(ASI) Lettere in Redazione. Ma insomma, smettiamola di apostrofare con epiteti di ogni genere i nostri giovani, o meglio, i nostri figli. Se sono in queste condizioni, se sono stati educati al rispetto, e sono continuamente aiutati dalle rispettive famiglie, è diventata una colpa? Dobbiamo dargli dei “bamboccioni” se si sentono protetti dalla propria famiglia, dobbiamo dargli degli “sfigati” se non riescono a laurearsi prima del dovuto?
E adesso addirittura di cercare altrove, invece di richiedere “il posto fisso”, perché è assolutamente noioso lavorare con un contratto a tempo indeterminato?
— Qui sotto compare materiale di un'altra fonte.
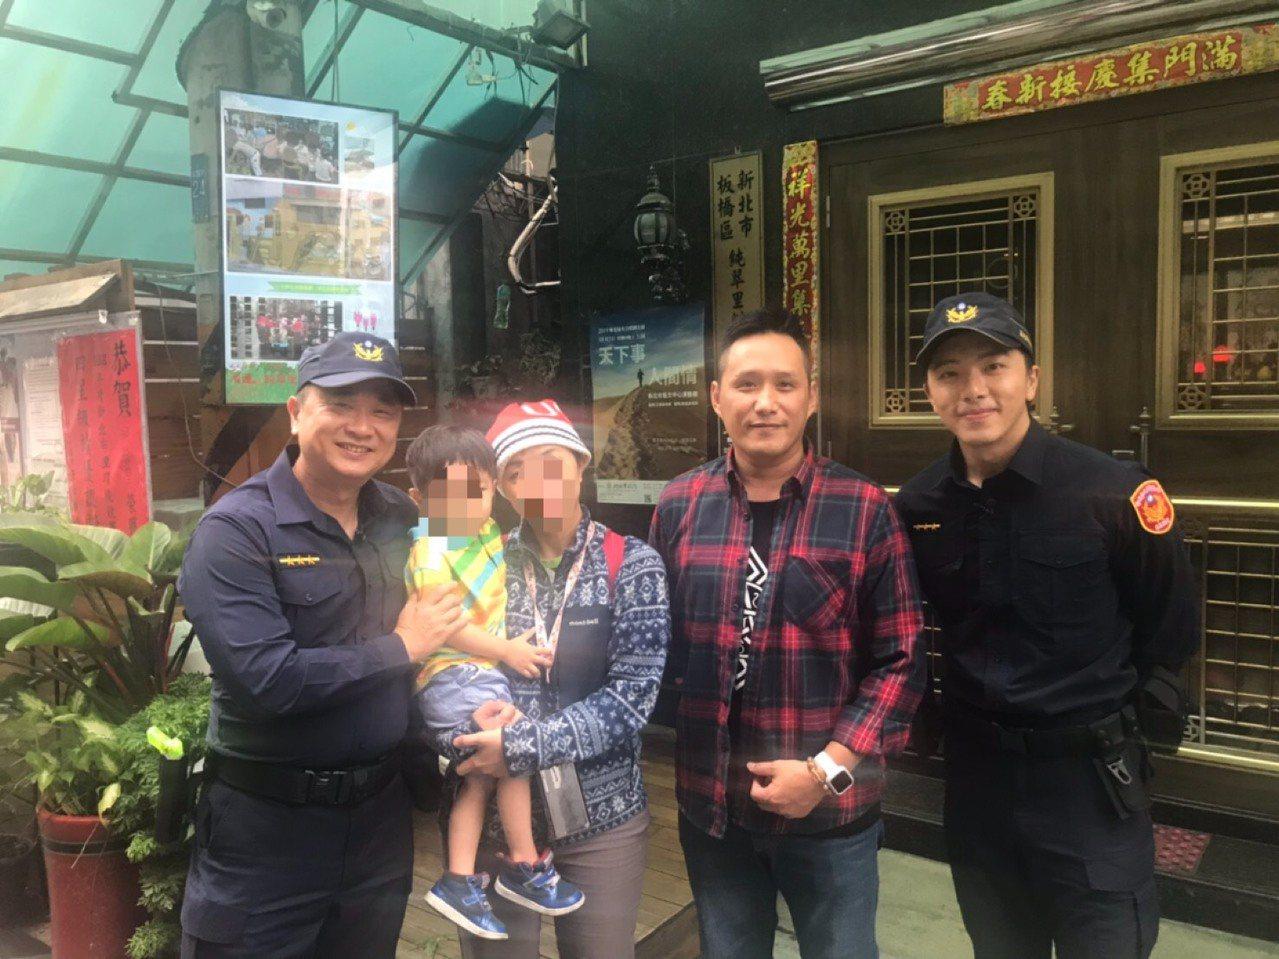 藝人邰智源和坤達今天到新北市海山警分局,拍攝體驗警察工作「一日系列」節目,巧遇民...
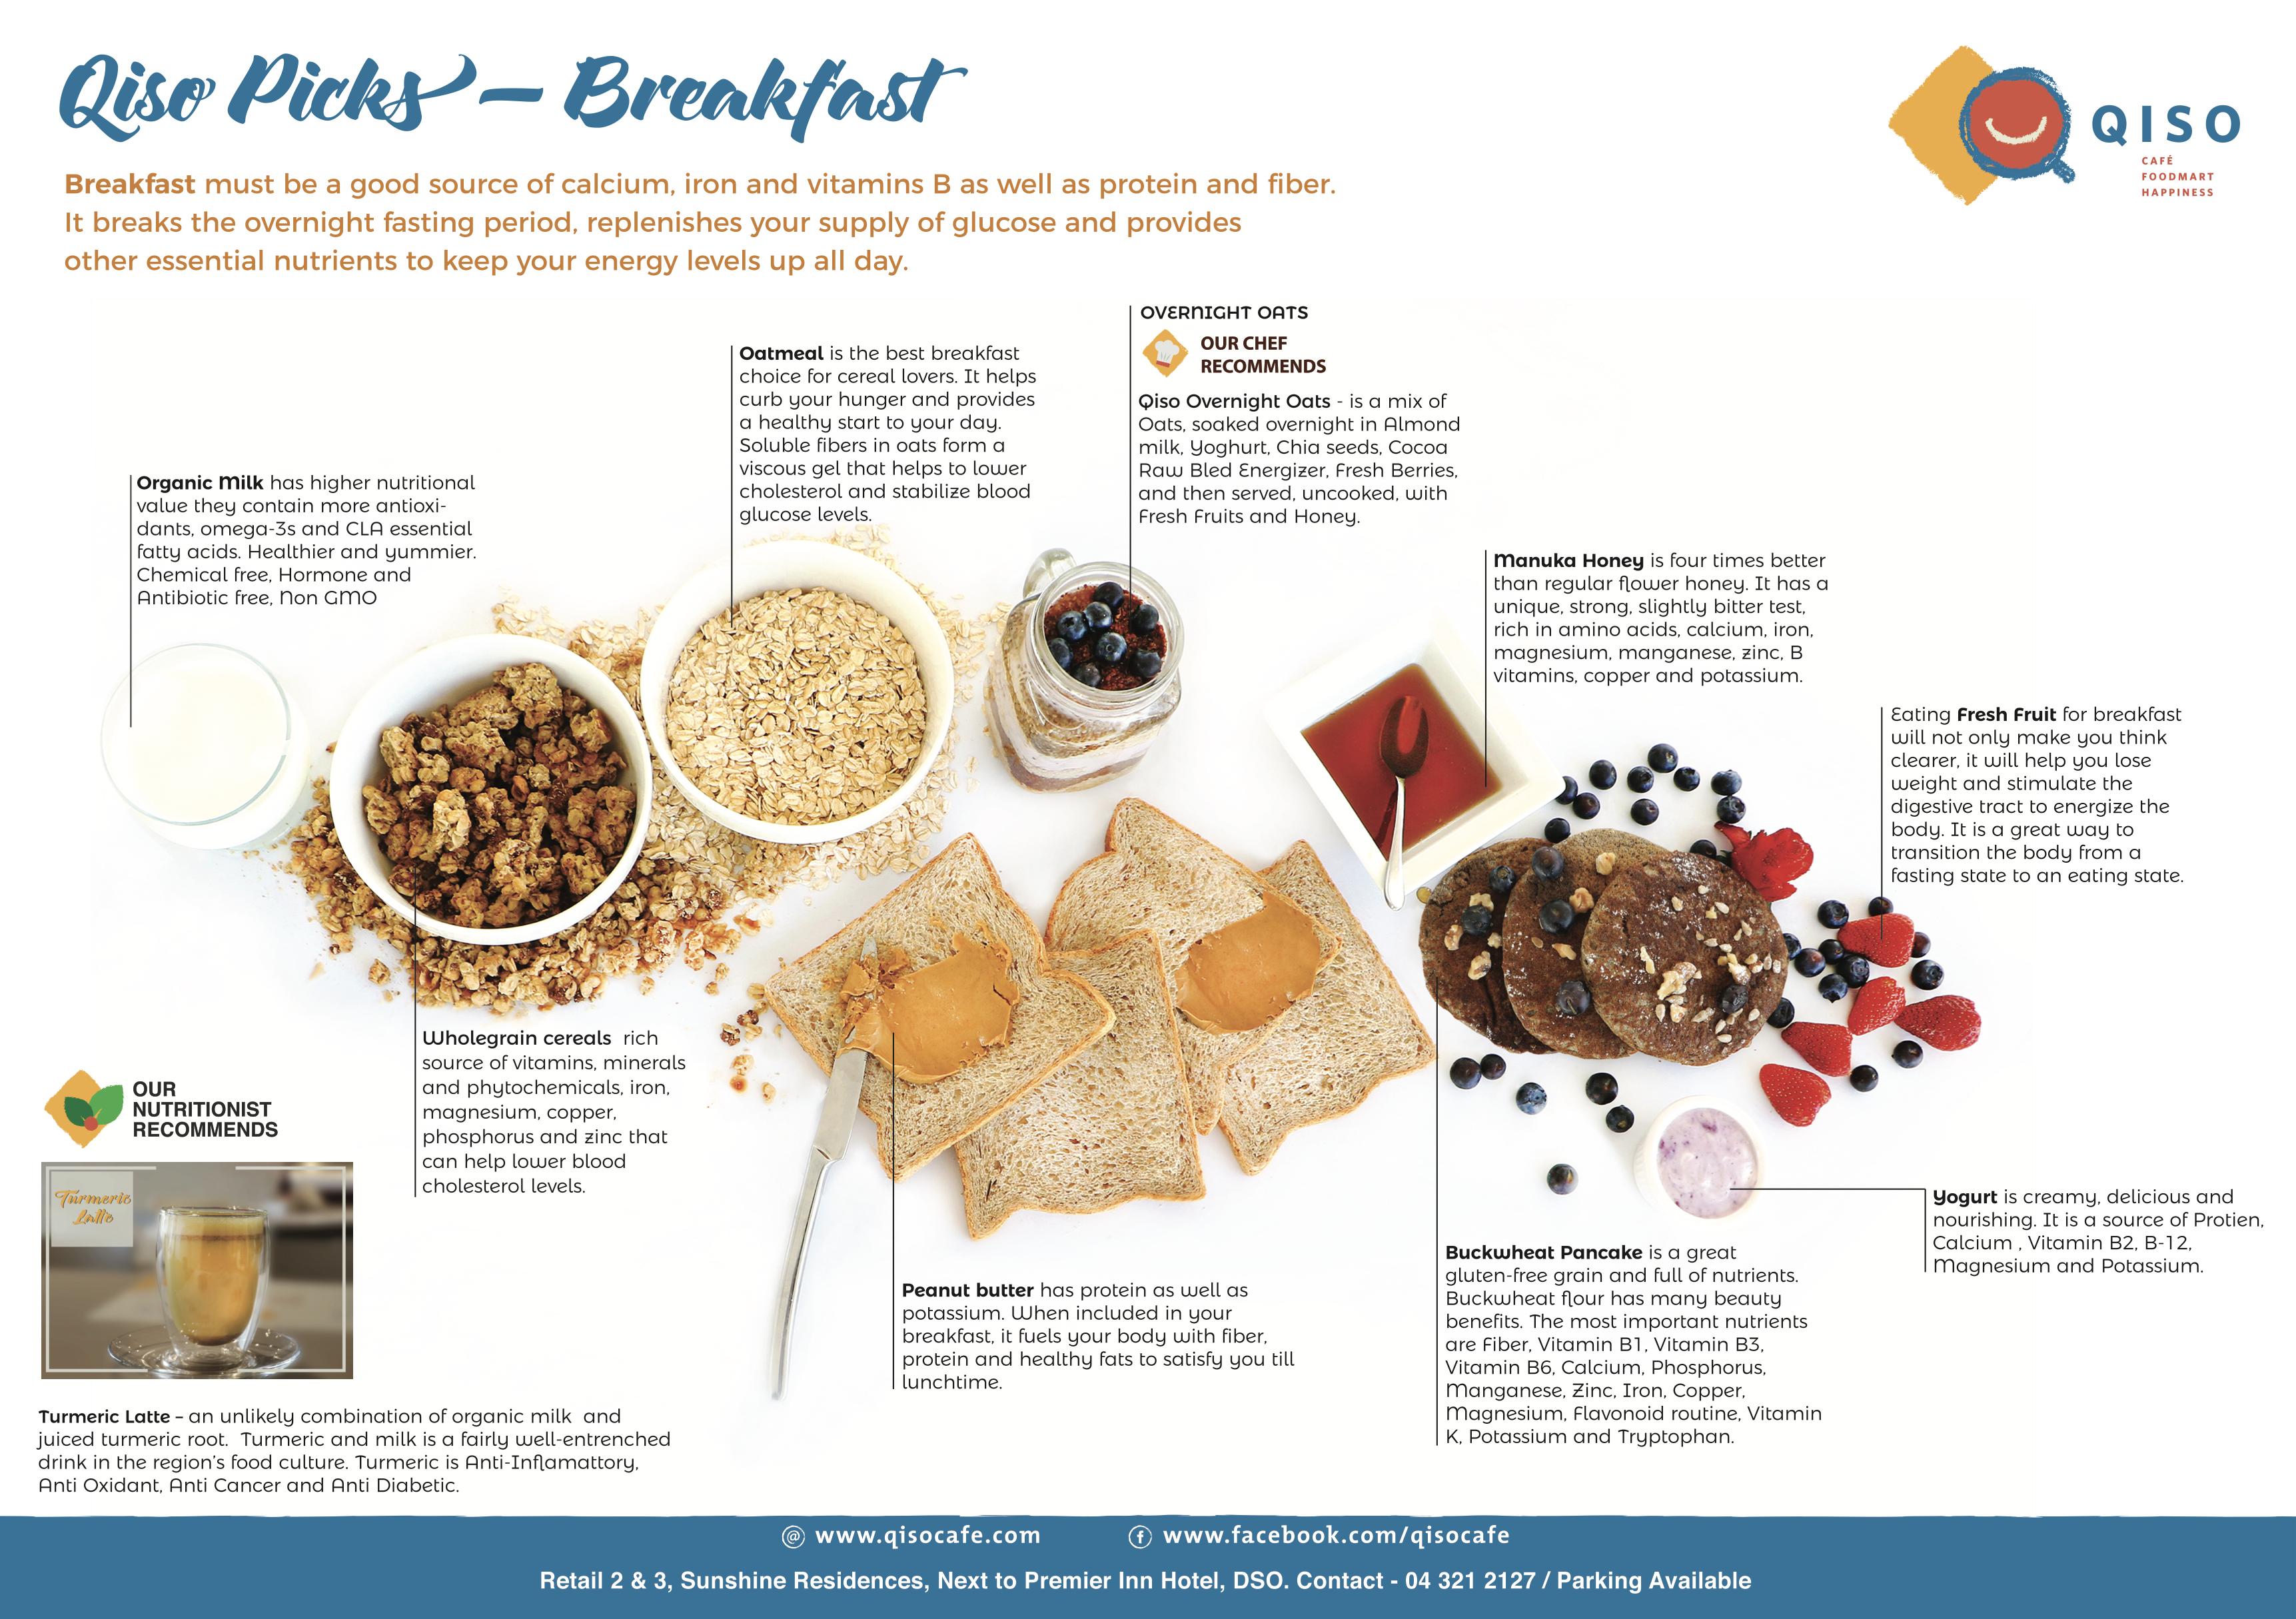 Health Benefits of Healthy Breakfast

Forse qualcuno dimentica, e non può essere chi ha responsabilità istituzionali e proviene dal sistema bancario a farlo, che se i nostri figli si recano a chiedere un mutuo per affrontare l’acquisto per la prima casa vengono respinti perché senza contratto a tempo indeterminato, se vogliono formarsi una famiglia, devono in tutti i modi cercare la stabilità economica e via discorrendo per ogni questione legata allo sviluppo socio-economico.
Forse sarebbe stato meglio richiamare tutte le componenti della nostra società ad una maggiore coesione sociale, per permettere ai nostri figli di, almeno, immaginare un futuro.
La società che siamo chiamati a costruire è la prima opera pubblica, bisogna custodirla e nutrirla, ma per farlo bisogna riconoscerla, liberarla e favorirla. Ricordiamoci di ciò che dicevano i nostri avi: “ubi societas, ibi ius” (dove c’è società, c’è diritto).
Senza questa coscienza non si va da nessuna parte, perché la coesione sociale (che non è prodotta né dallo stato né dal mercato) non viene prima o dopo lo sviluppo, ma ne è il primo motore. Il mercato vive di presupposti che consuma, e non è in grado di darsi fiducia e reciprocità.
E senza società civile lo Stato si riduce a procedure e tecnocrazia. Lo capirà il governo Monti e lo capiranno i suoi ministri?